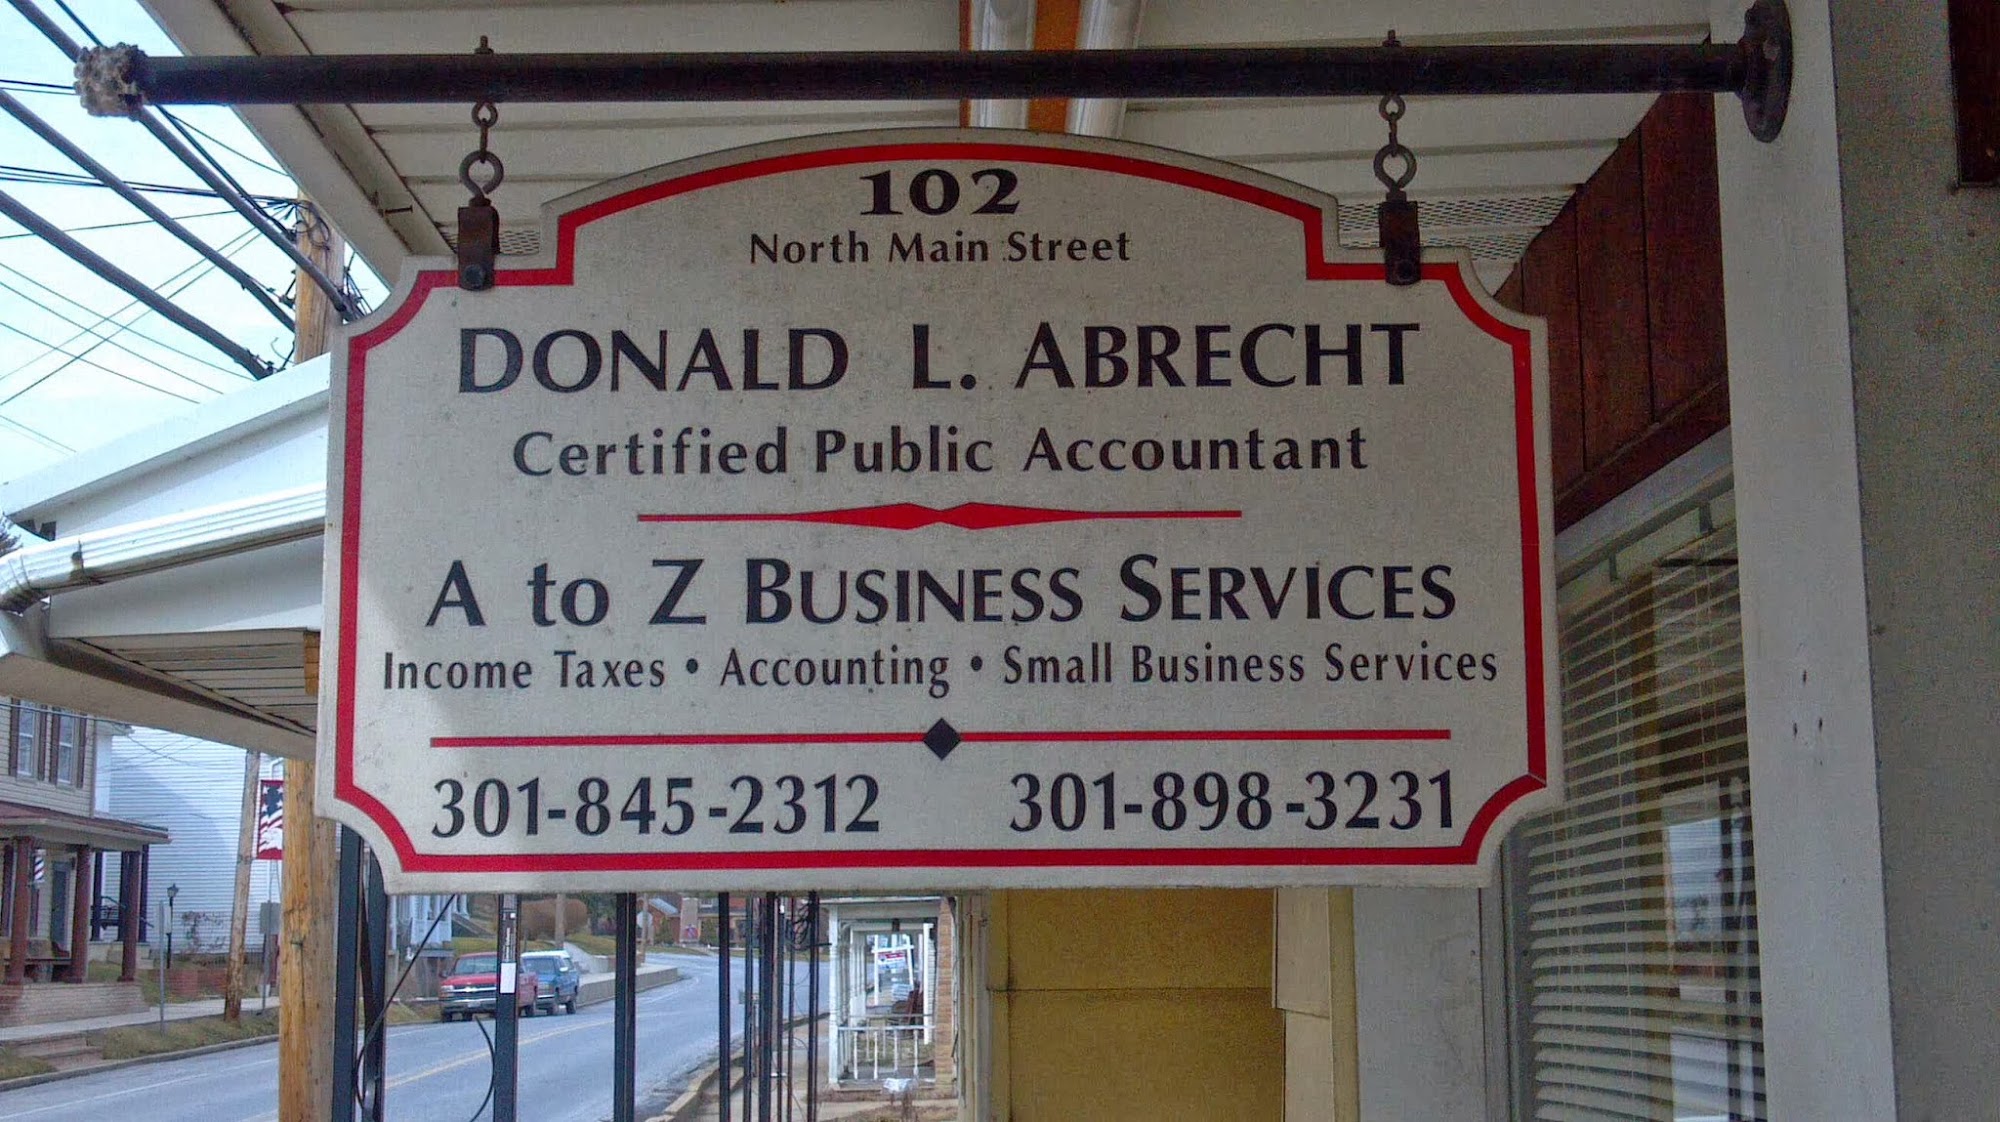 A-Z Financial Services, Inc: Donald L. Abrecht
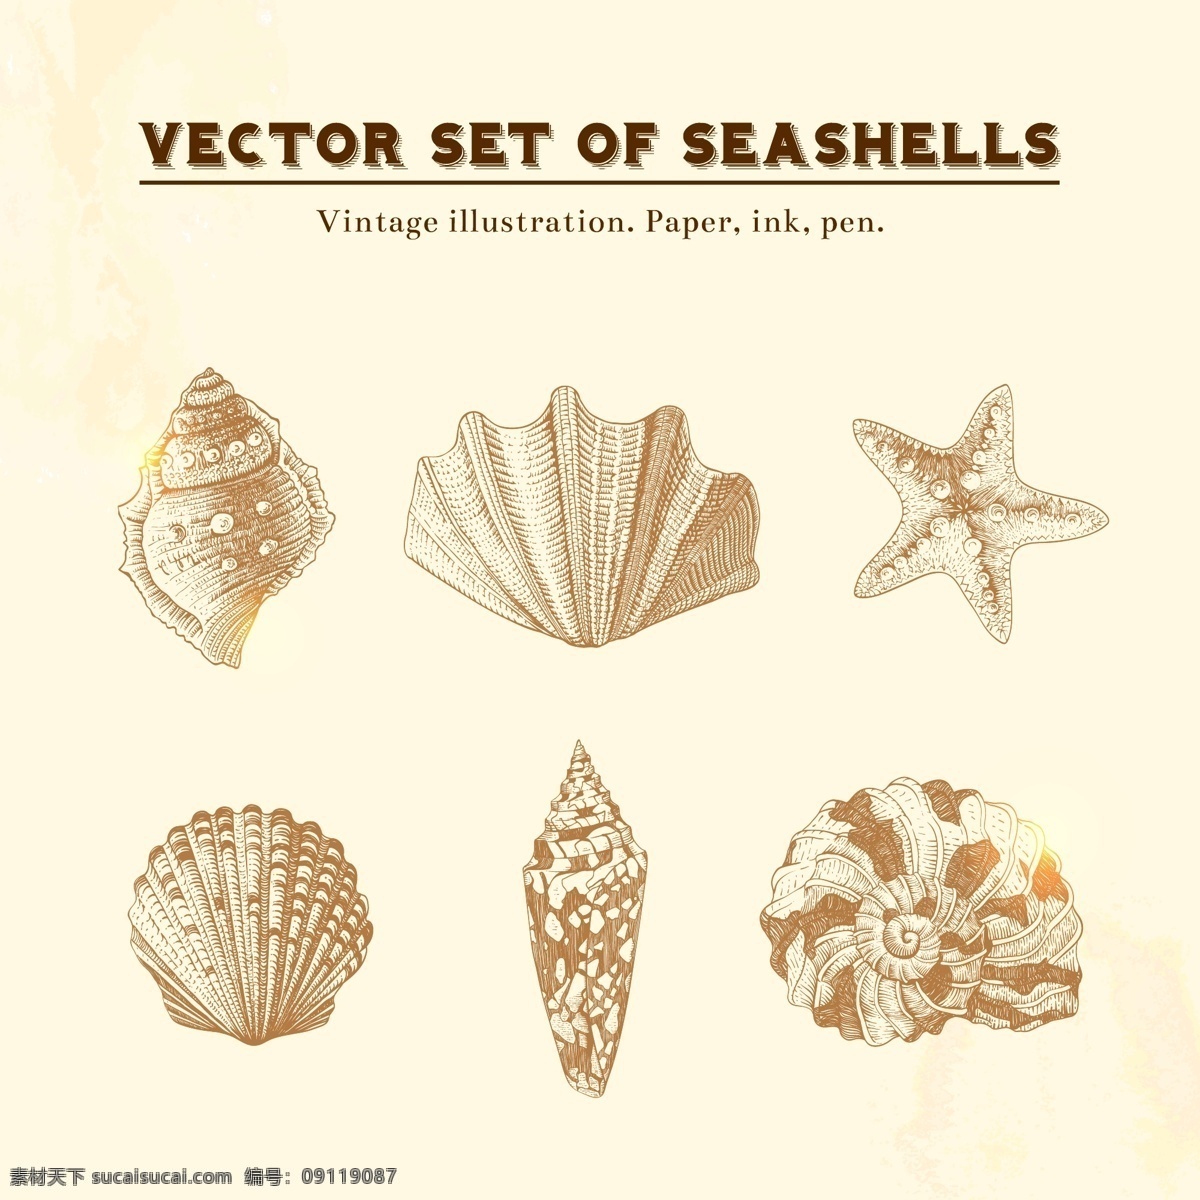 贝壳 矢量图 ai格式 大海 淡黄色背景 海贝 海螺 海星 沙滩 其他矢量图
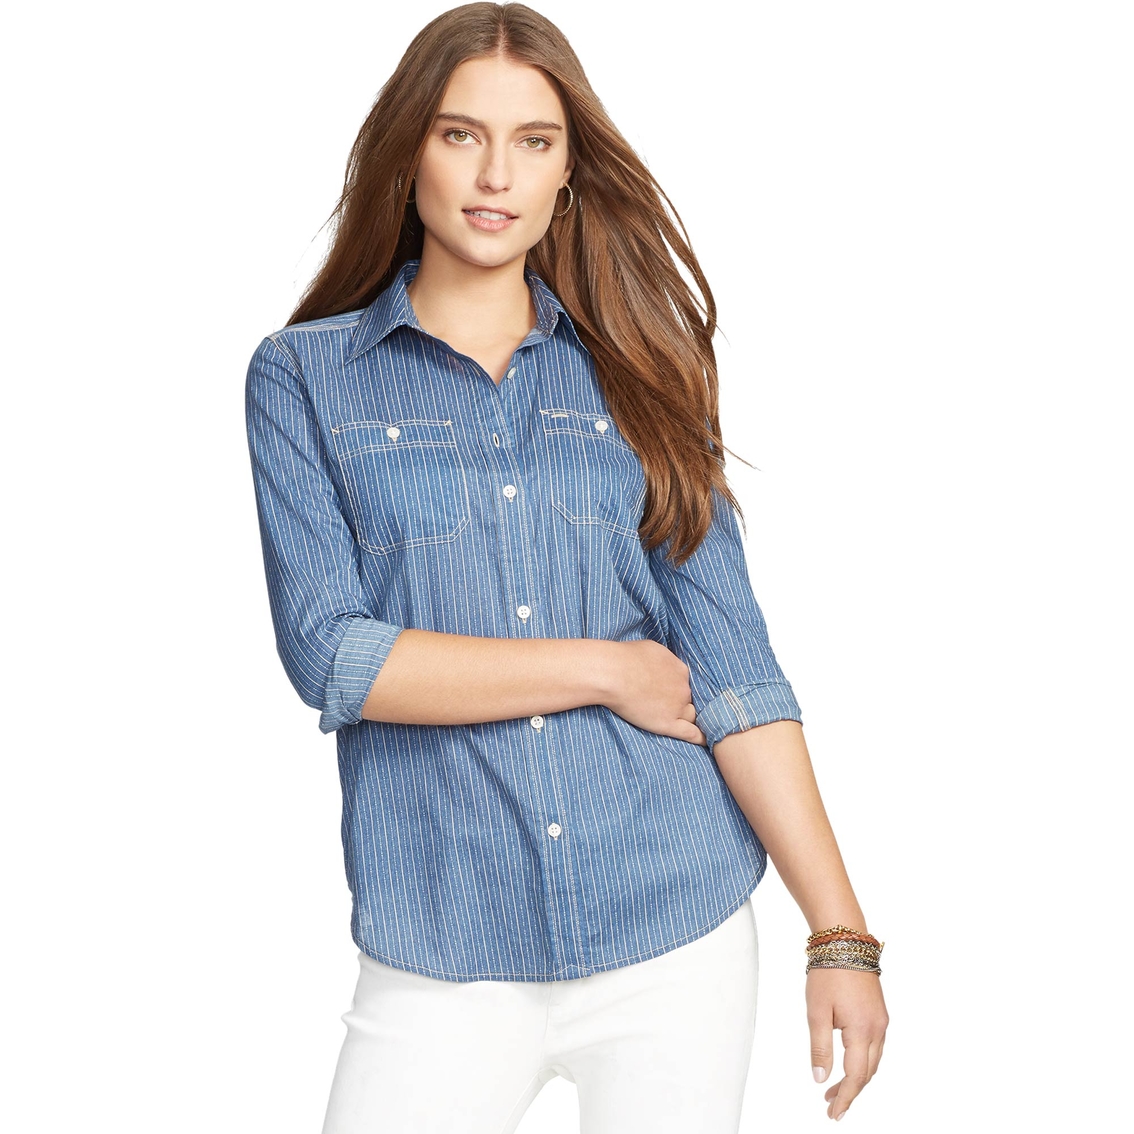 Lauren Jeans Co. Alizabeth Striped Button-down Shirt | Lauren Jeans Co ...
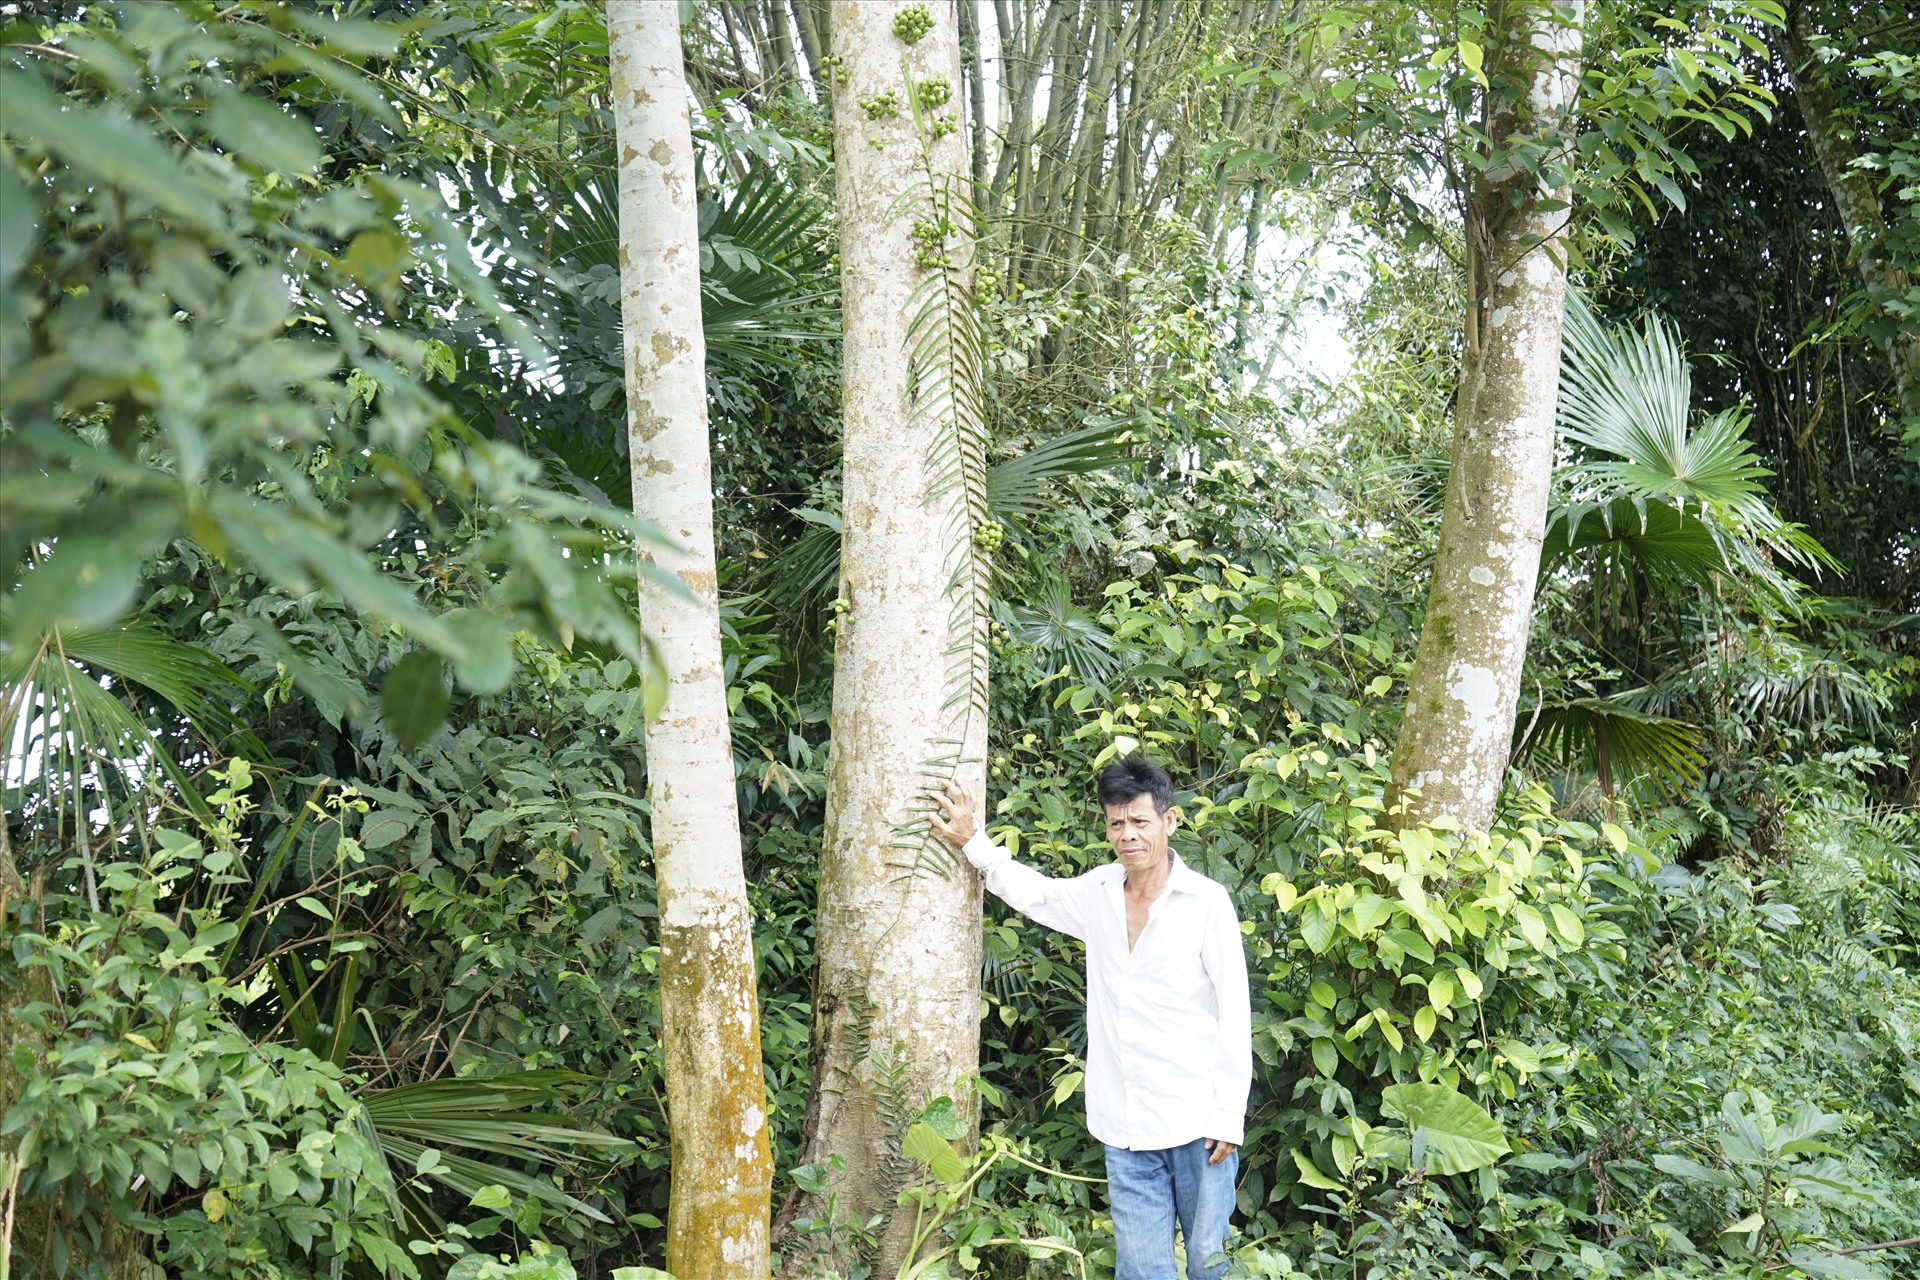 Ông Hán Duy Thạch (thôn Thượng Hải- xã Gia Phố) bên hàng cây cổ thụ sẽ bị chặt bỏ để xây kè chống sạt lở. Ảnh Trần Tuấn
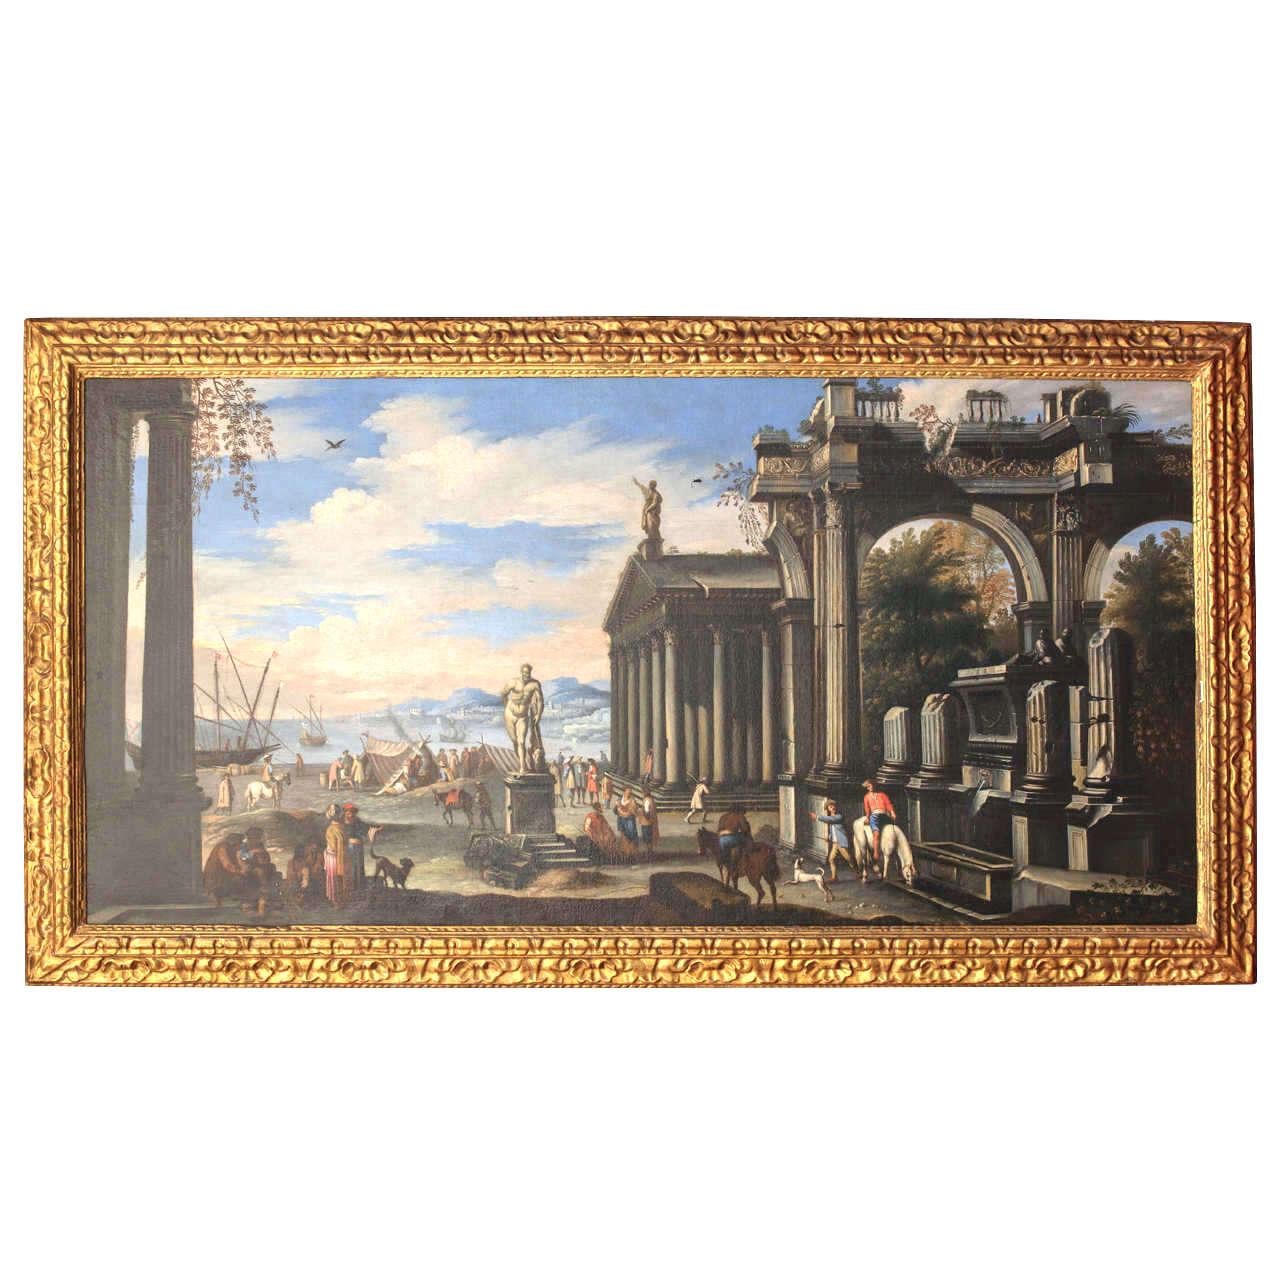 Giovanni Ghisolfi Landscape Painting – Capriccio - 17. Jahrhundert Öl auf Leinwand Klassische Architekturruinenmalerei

EXERCISE PROMPT
Everything in the records above must be repeated exactly, except the pictures.

WRITTEN SOLUTION
 A-Z Financial Services, Inc: Donald L. Abrecht
 贝壳 矢量图 ai格式 大海 淡黄色背景 海贝 海螺 海星 沙滩 其他矢量图
 Lauren Jeans Co. Alizabeth Striped Button-down Shirt | Lauren Jeans Co ...
 Ông Hán Duy Thạch (thôn Thượng Hải- xã Gia Phố) bên hàng cây cổ thụ sẽ bị chặt bỏ để xây kè chống sạt lở. Ảnh Trần Tuấn
 Giovanni Ghisolfi Landscape Painting – Capriccio - 17. Jahrhundert Öl auf Leinwand Klassische Architekturruinenmalerei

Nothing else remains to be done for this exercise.